Suppose you hold a pair of sevens, and before the flop is dealt you go all-in (bet all of your chips). One player calls your bet, and everyone else folds their hands. You both turn your cards face up, and you are happy to see your opponent show a pair of sixes. You are in great shape, since you have the better hand. But when the flop arrives, it contains a six, giving your opponent three sixes, and your own hand doesn’t improve, so you lose. Was your all-in play correct?
In terms of results, it wasn’t, because you lost all your chips. But according to the math of hold’em, a pair of sevens is favored to beat a pair of sixes 81% of the time. So if you can go all-in with sevens and get your bet called by players holding sixes over and over again, luck should even out, and eventually you will be a big winner.
Poker theorist David Sklansky once wrote that you should consider yourself a winner as long as you had the higher probability of winning the hand when all the money went into the pot. This attitude is consistent with the underlying mathematical reality of poker, and it can smooth out your emotional reactions to losses and wins. What matters is the quality of your decisions, not the results that come from them.
A few years ago, a young pro named Phil Galfond published a crucial refinement to Mr. Sklansky’s point. He showed that the right way to analyze a poker decision is to consider your opponent’s “range”—that is, the full set of different hands that he could plausibly have, given all the actions that he has thus far taken.
So if, for example, you believed that your opponent would only call your bet if he held sixes or a better pair, then at the moment he calls—before he turns up his cards—you should be unhappy. You want to see the sixes and be an 81% favorite, but you are much more likely to see a hand like eights, nines or higher, and against any of these your likelihood of winning is only about 19%. In fact, against this range of pairs from sixes up to aces, your “equity”—your winning chances averaged over all of those possible hands—would be just 27%.
Of course, in poker, you rarely know your opponent’s range precisely, nor does he know yours. In our example, if your opponent thinks you would never go all-in without at least a pair of tens, he probably won’t call you with anything worse than that. So his calling range depends on what he thinks your range could be.
In practice, this means that you should not make a particular play (such as an all-in bet) only when you have a superstrong hand, because this makes it easy for an observant opponent to deduce your range and fold with all but his own superstrong hands. If you sometimes make a strong play with weak hands—the ancient practice of bluffing—your opponent has a harder time narrowing your range down. This concept, known as “balancing” one’s range, supplements an expert’s intuition about when to bluff with logical explanations of why and how often it is the right play.
Calculating equities for ranges is too complicated to do while you are playing. Today’s top tournament players advise up-and-comers not to memorize formulas but to improve their feeling for ranges by playing with poker calculation apps that rapidly estimate odds by simulating thousands of hands.
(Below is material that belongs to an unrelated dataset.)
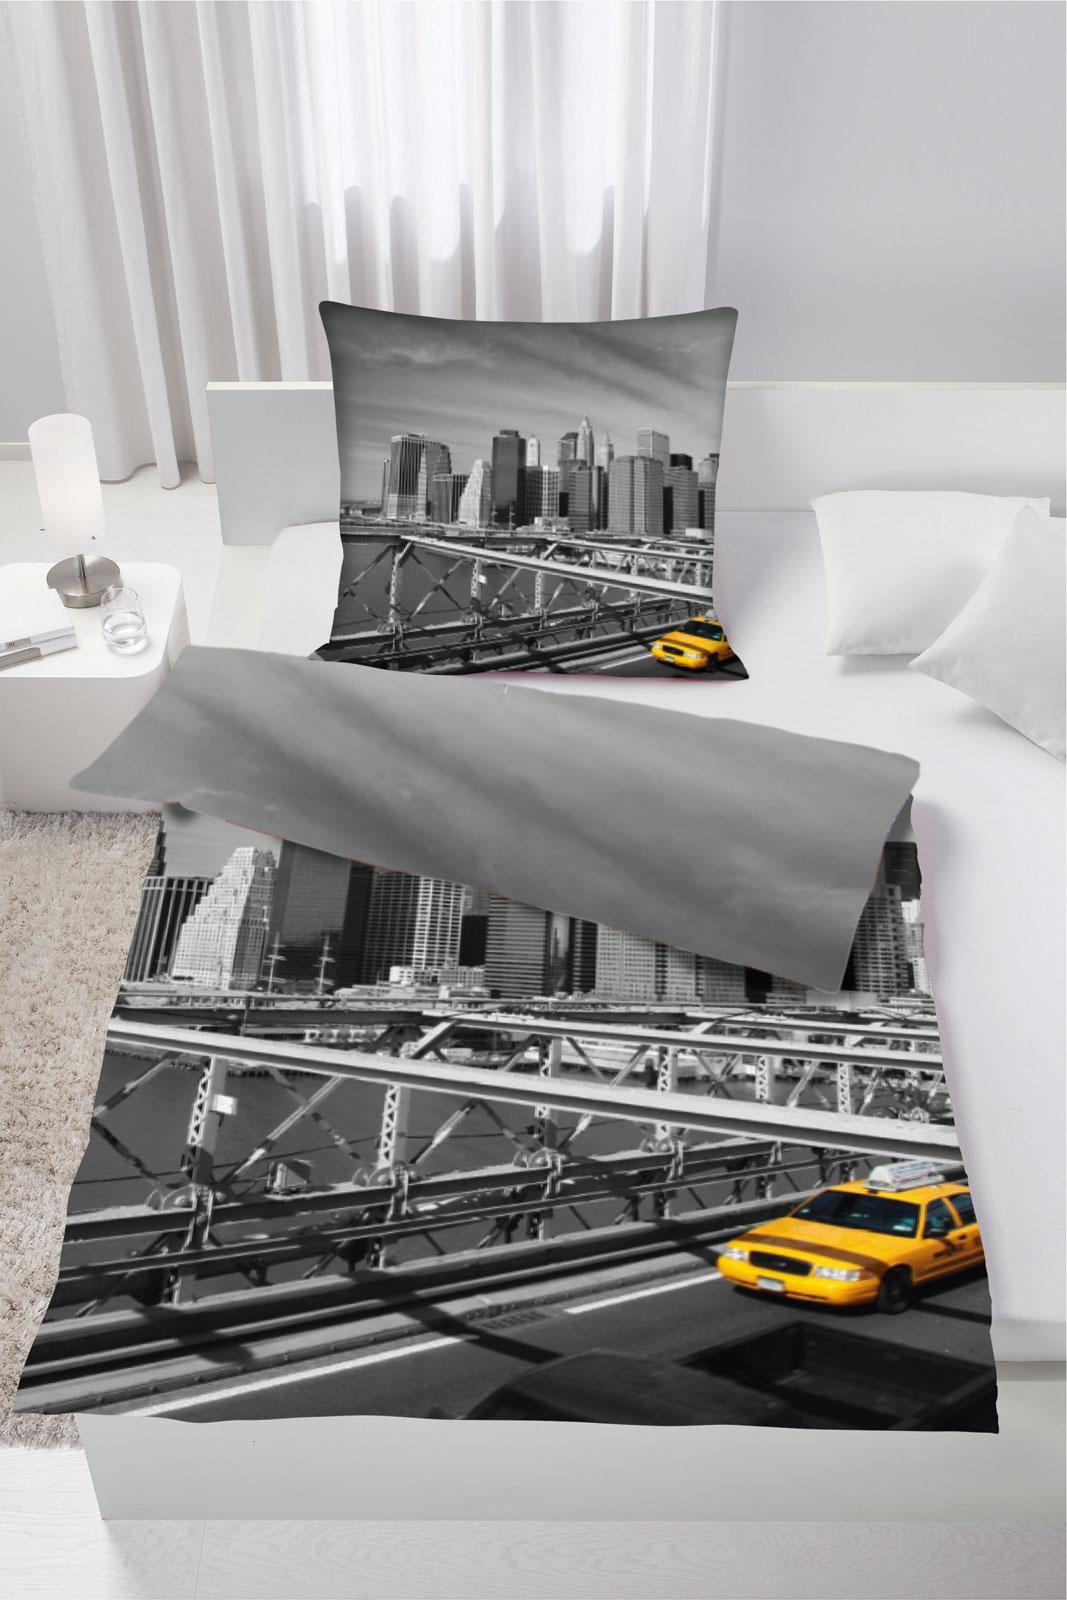 Bettwäsche - Bettwäsche New York Brooklyn Bridge Microfaser 135x200 Art Nr. 2425  - Onlineshop PremiumShop321

Why this sudden leap forward in the strategy of a game that has existed for over a century? Computer analysis has contributed, just as it has wrought changes in backgammon and chess theory. But the real cause of the advances that have accompanied the poker boom has been the boom itself.
With 10 times more people seriously playing the game, the collective creativity and thinking power of the poker world has grown by at least an order of magnitude. The growth of poker theory is a perfect example of how innovation accelerates in interacting communities. Today’s poker players are in a world-wide arms race to discover new ideas and refine their playing styles, led by the younger generation of more mathematically minded pros. And collective progress comes from the application of collective intelligence: Putting more minds to work on a problem makes the discovery of new and better solutions much more likely.
Jason Lee
1. Each player is dealt two private cards. The goal: to make the best five-card hand using the five faceup cards shared by all players.
2. Player A gets two sevens; Player B gets two sixes. Neither player knows what the other has yet, but a pair of sevens is favored to beatapair of sixes 81% of the time.
3. After the shared cards are dealt and the players reveal their hands, Player B wins with three sixes, beating the odds.
—Mr. Chabris is a psychology professor at Union College, the co-author of “The Invisible Gorilla: How Our Intuitions Deceive Us” and a chess master. He played in his first World Series of Poker this year.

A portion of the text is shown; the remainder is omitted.